_Exercise prompt:_
When you reach the line containing "Loa men and", include it and stop; until then, return each line of the material exactly, starting with the first.

_Dataset records:_
-=-=-=-=-

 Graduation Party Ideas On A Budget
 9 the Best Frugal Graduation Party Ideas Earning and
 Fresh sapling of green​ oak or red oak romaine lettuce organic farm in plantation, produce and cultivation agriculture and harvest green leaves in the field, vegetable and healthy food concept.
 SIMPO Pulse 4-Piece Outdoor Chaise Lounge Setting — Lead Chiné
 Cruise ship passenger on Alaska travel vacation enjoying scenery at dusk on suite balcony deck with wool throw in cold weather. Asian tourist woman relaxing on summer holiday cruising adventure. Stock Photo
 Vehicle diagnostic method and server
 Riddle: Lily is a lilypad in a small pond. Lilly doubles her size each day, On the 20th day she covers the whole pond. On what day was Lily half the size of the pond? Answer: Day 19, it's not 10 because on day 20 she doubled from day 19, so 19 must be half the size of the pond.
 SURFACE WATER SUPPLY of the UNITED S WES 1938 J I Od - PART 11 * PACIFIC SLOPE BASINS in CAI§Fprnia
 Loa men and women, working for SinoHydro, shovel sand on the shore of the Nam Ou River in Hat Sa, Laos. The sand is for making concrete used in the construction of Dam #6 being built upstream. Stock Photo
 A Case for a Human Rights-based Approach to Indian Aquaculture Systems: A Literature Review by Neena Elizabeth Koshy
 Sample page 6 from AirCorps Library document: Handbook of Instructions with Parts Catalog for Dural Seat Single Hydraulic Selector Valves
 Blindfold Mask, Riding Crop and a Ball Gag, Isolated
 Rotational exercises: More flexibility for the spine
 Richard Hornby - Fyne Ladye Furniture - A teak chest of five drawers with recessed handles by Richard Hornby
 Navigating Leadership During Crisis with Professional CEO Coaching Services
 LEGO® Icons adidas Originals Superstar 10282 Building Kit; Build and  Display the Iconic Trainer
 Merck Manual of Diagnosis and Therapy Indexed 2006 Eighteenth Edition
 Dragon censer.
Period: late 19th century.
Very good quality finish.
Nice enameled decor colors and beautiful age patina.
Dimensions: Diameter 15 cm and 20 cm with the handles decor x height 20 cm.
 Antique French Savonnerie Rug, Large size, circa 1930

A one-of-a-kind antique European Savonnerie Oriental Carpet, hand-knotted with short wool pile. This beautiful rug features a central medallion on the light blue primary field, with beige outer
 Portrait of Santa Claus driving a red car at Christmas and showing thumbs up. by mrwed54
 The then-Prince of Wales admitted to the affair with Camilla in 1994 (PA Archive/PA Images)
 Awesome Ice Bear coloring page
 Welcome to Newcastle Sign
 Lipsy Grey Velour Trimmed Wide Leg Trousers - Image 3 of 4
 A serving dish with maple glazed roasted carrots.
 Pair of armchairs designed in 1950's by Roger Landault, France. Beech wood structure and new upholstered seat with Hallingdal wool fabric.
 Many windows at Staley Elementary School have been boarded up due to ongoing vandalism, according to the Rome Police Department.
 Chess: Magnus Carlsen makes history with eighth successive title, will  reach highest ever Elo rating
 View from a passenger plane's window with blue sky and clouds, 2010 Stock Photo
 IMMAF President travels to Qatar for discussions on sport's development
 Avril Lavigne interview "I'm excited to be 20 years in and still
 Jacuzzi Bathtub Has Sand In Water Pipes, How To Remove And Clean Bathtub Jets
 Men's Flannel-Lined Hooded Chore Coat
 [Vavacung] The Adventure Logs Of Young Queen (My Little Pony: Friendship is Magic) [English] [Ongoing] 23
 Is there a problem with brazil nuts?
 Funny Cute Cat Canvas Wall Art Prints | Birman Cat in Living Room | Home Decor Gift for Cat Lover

-=-=-=-=-

_Your solution:_
 Graduation Party Ideas On A Budget
 9 the Best Frugal Graduation Party Ideas Earning and
 Fresh sapling of green​ oak or red oak romaine lettuce organic farm in plantation, produce and cultivation agriculture and harvest green leaves in the field, vegetable and healthy food concept.
 SIMPO Pulse 4-Piece Outdoor Chaise Lounge Setting — Lead Chiné
 Cruise ship passenger on Alaska travel vacation enjoying scenery at dusk on suite balcony deck with wool throw in cold weather. Asian tourist woman relaxing on summer holiday cruising adventure. Stock Photo
 Vehicle diagnostic method and server
 Riddle: Lily is a lilypad in a small pond. Lilly doubles her size each day, On the 20th day she covers the whole pond. On what day was Lily half the size of the pond? Answer: Day 19, it's not 10 because on day 20 she doubled from day 19, so 19 must be half the size of the pond.
 SURFACE WATER SUPPLY of the UNITED S WES 1938 J I Od - PART 11 * PACIFIC SLOPE BASINS in CAI§Fprnia
 Loa men and women, working for SinoHydro, shovel sand on the shore of the Nam Ou River in Hat Sa, Laos. The sand is for making concrete used in the construction of Dam #6 being built upstream. Stock Photo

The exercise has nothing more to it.